We have not broken out the reserve -- after the reserve changes by prior years. We won't break those out until we publish the 10-K. I mean, is that right -- correct, Jess?

Jess Merten

Analyst

That's right, Tom. We don't disclose the split, so we don't have that.

Thomas Wilson

Analyst

But suffice it to say, David, that is higher than it was before.

David Motemaden

Analyst

Yes. I was looking at a -- I'm just trying to get a sense for the compound if we say, okay, up 12%, but the base does matter. And so I think the base was set at 5% in the first quarter for all of 2021, which has since been changed. So I was just trying to get a sense for where that's gone. But I guess I'll look in the K for that.

Thomas Wilson

Analyst

Why don't we take 1 more question and then...

Operator

Operator

Our final question comes from the line of Yaron Kinar from Jefferies.

Yaron Kinar

Analyst

I'm going to go to my specialty of beating dead horses here, if I can. On capital, do you expect to deploy some of the hold liquidity into AIC over the coming year?

Thomas Wilson

Analyst

No.

Yaron Kinar

Analyst

Okay. And then shifting more just to the auto and home side. So I think you guys shifted the exclusive agent comp structure to be more weighted to new business. Now that you're kind of maybe taking a little bit of a step back on growth and really focusing more on fixing the margins, how is that playing out with the agent comp structure with your conversations with them? I'm assuming that can be a little bit of murmurings and rumblings around that. How are you handling that?

Thomas Wilson

Analyst

Well, I'm address embedded in all of this, there's a lot of good news on transformative growth that we really don't have a chance to talk about it. One is that which you talked about, which was expanding customer access is the second key lever. And that included selling direct under the Allstate brand at 7% less than it was sold through Allstate agents. And there was some concern amongst investors as to would the agents walk away and would you have a decline in volume there? And the answer is no. That is the underlying assumption that they would continue to be focused on getting more new customers given what we did to the compensation plan was true. . If you look at new business from the Allstate agents, you can see that's where it was a year ago, even though there are fewer Allstate agents out there. And then if you look at the retention numbers, as I mentioned, I think our agents are doing a great job for us talking to customers whose price changes.
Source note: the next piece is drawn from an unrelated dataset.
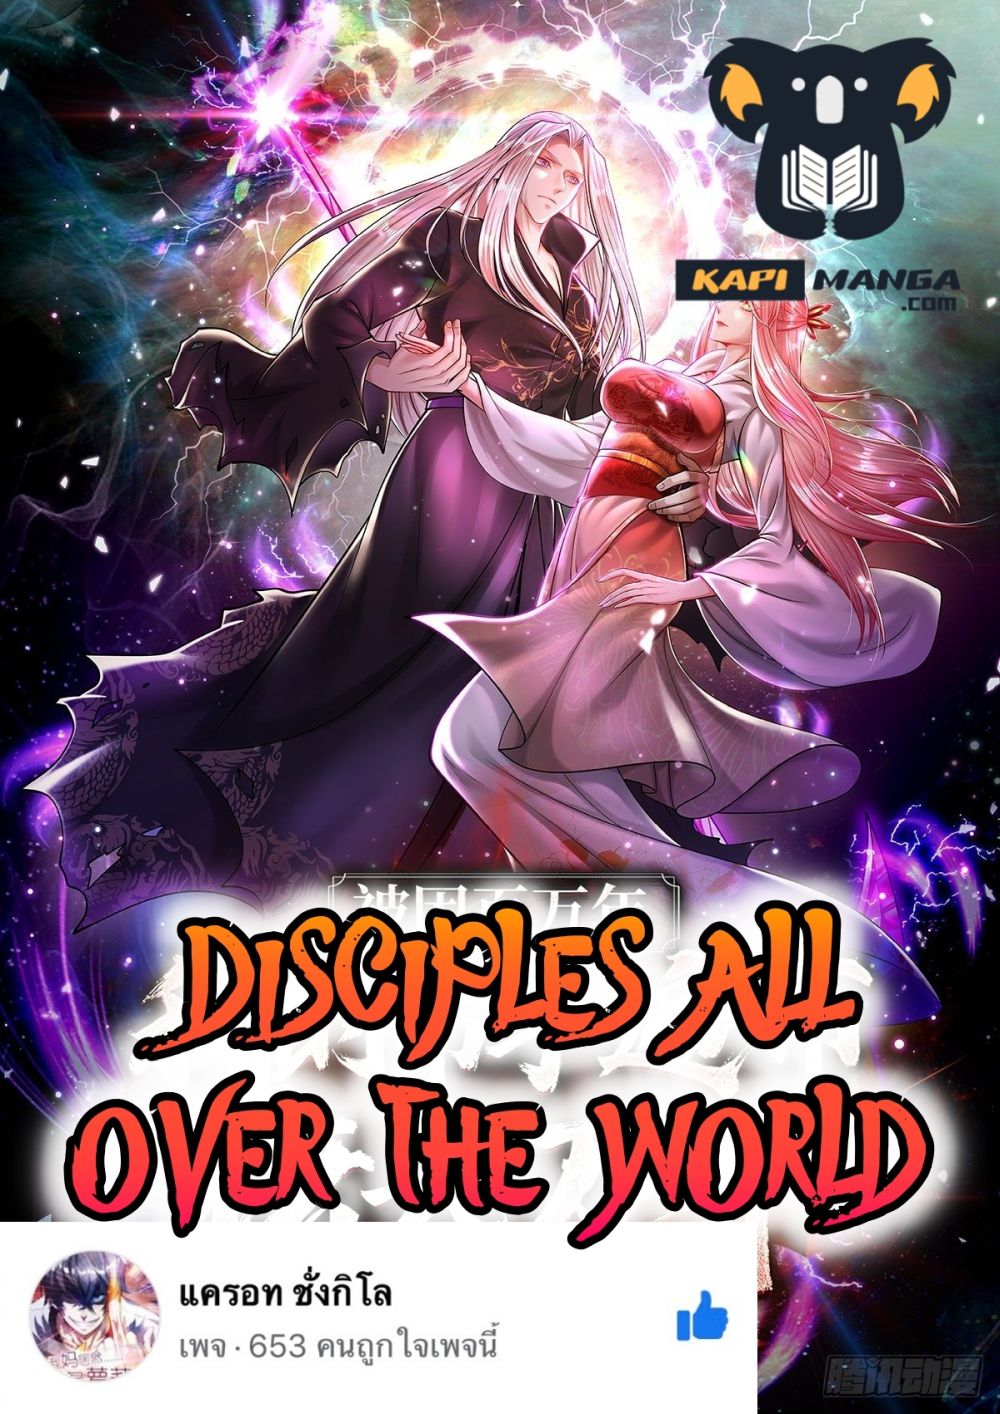 Disciples All Over the World à¸à¸­à¸à¸à¸µà¹ 55 (1)

And so we feel good that, that part of the expanding access, all of our underlying assumptions prove to. We also have really improved our web-based and the call center close processes. So we're getting much better at selling through those two vehicles. We obviously dialled the advertising way down this year because we don't want to take on new business and then have to raise the price 15% or 20% the first time. So while you don't see the benefit of those improved processes come through new business, but when we get auto profitability improved, we feel good about the underlying assumptions we made in transformative growth and our progress in making those realities. So we're feeling good about where that's headed.

Thomas Wilson

Analyst

So thank you all for dialing in. As we move forward, we have a couple of things in front of us. One, we have to improve auto insurance margins, while making sure we continue to invest and transform the growth so that we can grow market share and then continuing to expand our other protection services businesses, which also had a great quarter. So thank you and we will talk to you in December.

Operator

Operator

Thank you, ladies and gentlemen, for your participation in today's conference. This does conclude the program. You may now disconnect at today's conference.